Менты ничего не делали, да у Свиридова с матерью и не было рычагов, чтобы заставить их шевелиться. Тут молодые, здоровые исчезали каждый день, чтобы обнаружиться по весне в лесополосе, — кому было дело до явно рехнувшегося старика? «Альцгеймер», сказала тогда мать, я должна была давно понять по этой эмоциональной глухоте, по желанию свернуться калачиком, забиться в темноту, но пойми, я боялась даже допускать эту возможность; Свиридов понимал. Они обзванивали больницы, расклеивали объявления по Савеловской ветке — все напрасно, и Свиридов с особенным вниманием изучал истории внезапной амнезии, когда житель Владивостока вдруг обнаруживался в Таганроге, раздетый, обобранный, ничего не помнящий. Из таких историй у него получилась потом «Крыша»: их было удивительно много, больше полусотни, и во всех жертвами оказывались мужчины средних лет, отцы семейств, внезапно исхищенные из обыденности и лишенные памяти.

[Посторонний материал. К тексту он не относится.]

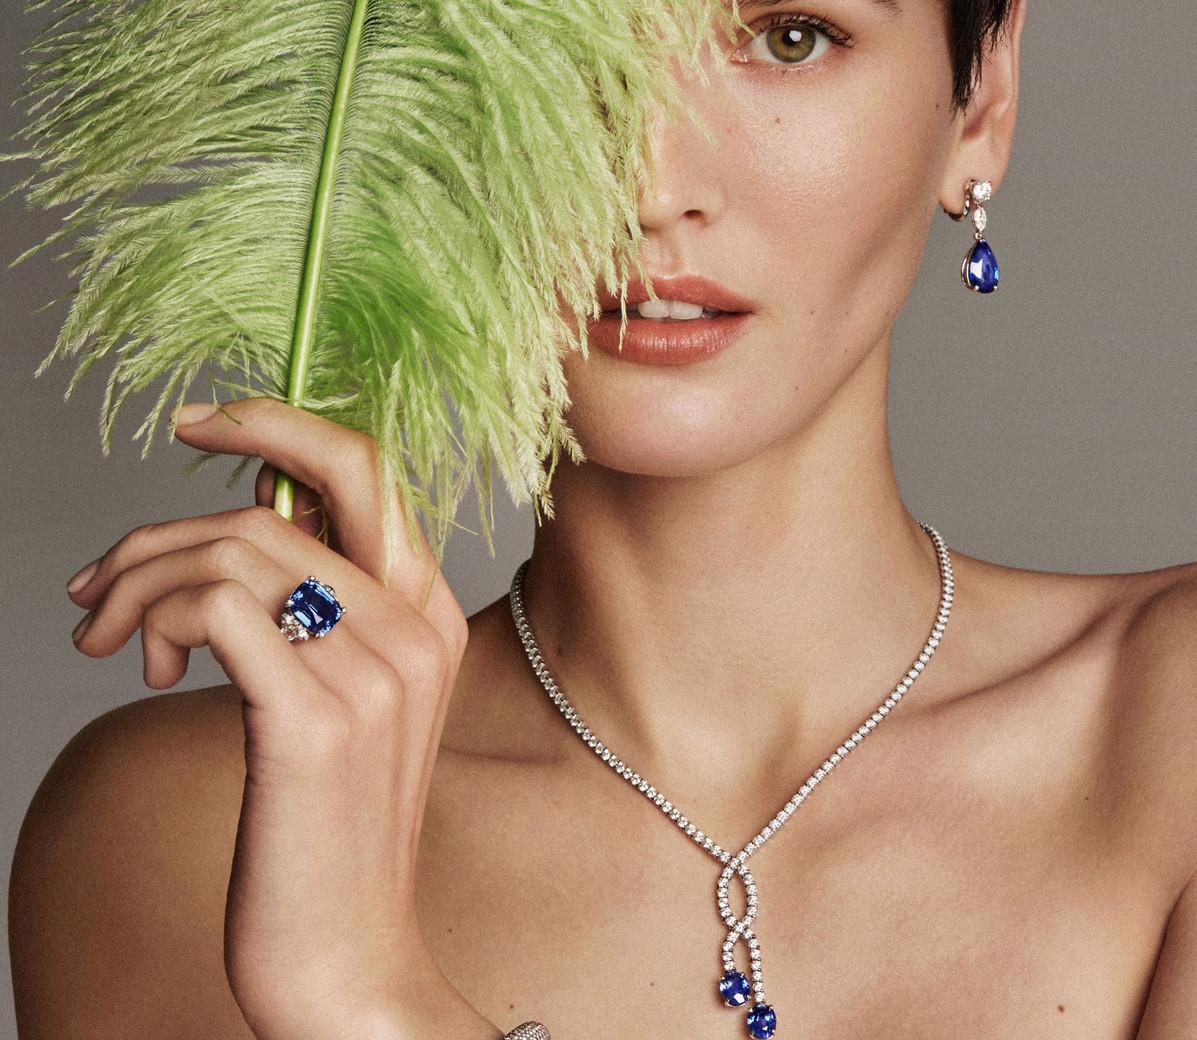 2020_16_12_ OK Vanity_Jewels&Piume_01_064_sRGB.jpg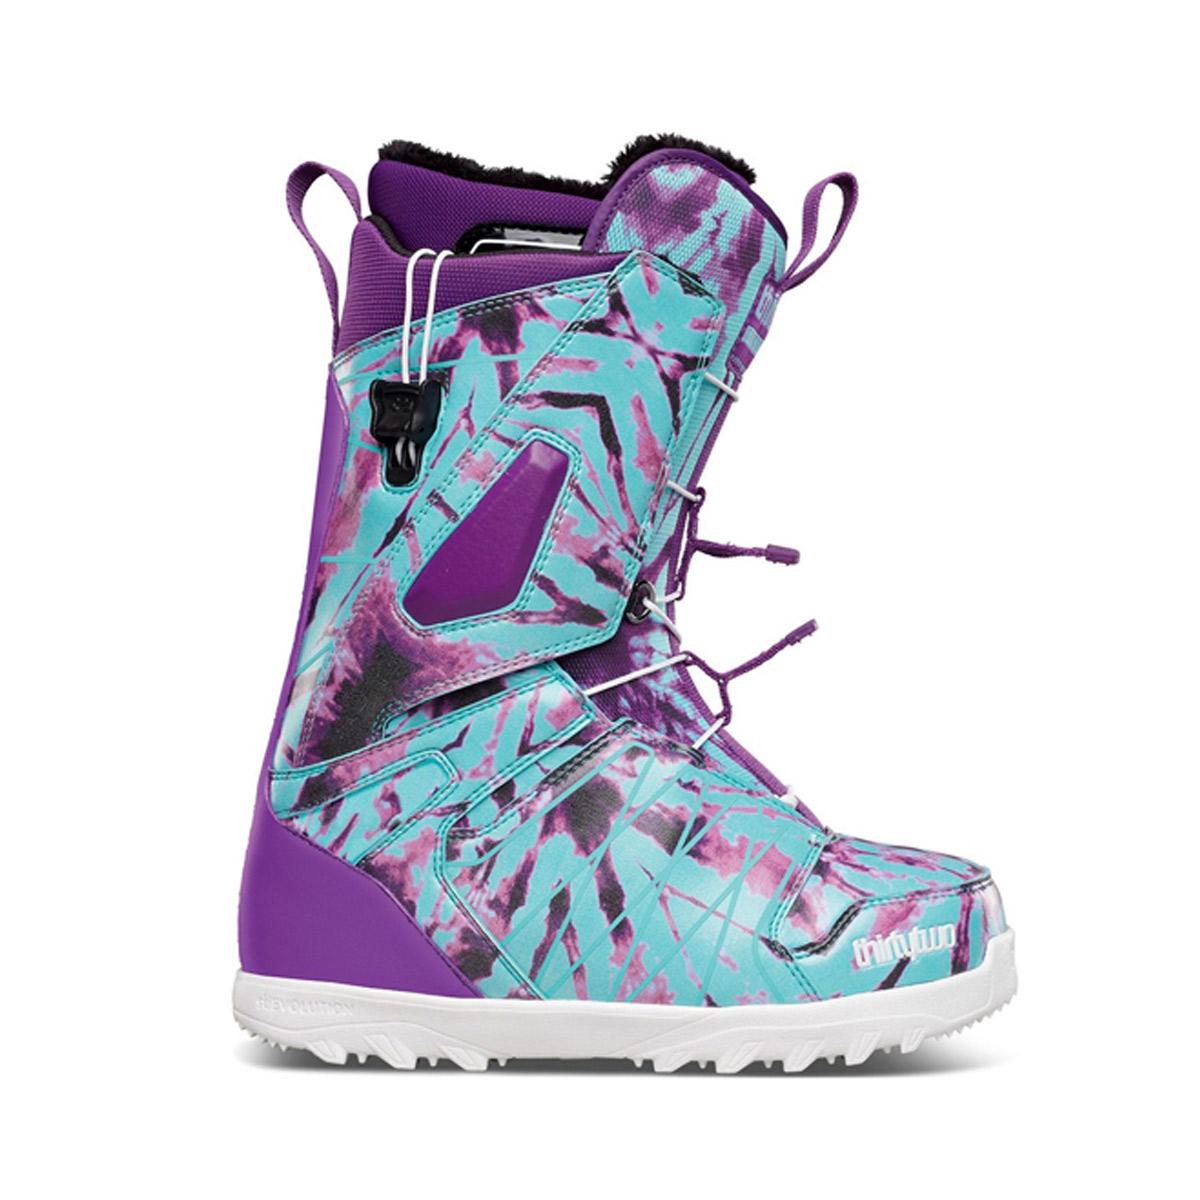 Ботинки для сноуборда THIRTYTWO Z Lashed  2017

Ужасней всего было представлять, что отец и теперь бродит по Подмосковью, а то и по стране, ночует где придется, просит милостыни, сидит в провинциальной психушке, работает на страшной плантации — и все морщится, все ловит за хвост ускользающую мысль. Хотя, конечно, его давно сбросили с какого-нибудь ночного поезда, или убили на вокзале, или обобрали безжалостные беспризорники, или сам он замерз в ноябре, когда ударили внезапные бесснежные холода. Куда срывались вдруг эти сорокалетние отцы семейств, потрясенные внезапным озарением вроде того, что все напрасно? Отцу, правда, было под шестьдесят. Мать с того сентября год не спала по ночам, не выпускала Свиридова из дома после девяти вечера, изводила его и себя упреками — Свиридов потому и не съезжал из дома до двадцати пяти лет, что боялся оставить ее одну, и теперь навещал по два раза в неделю, благо близко.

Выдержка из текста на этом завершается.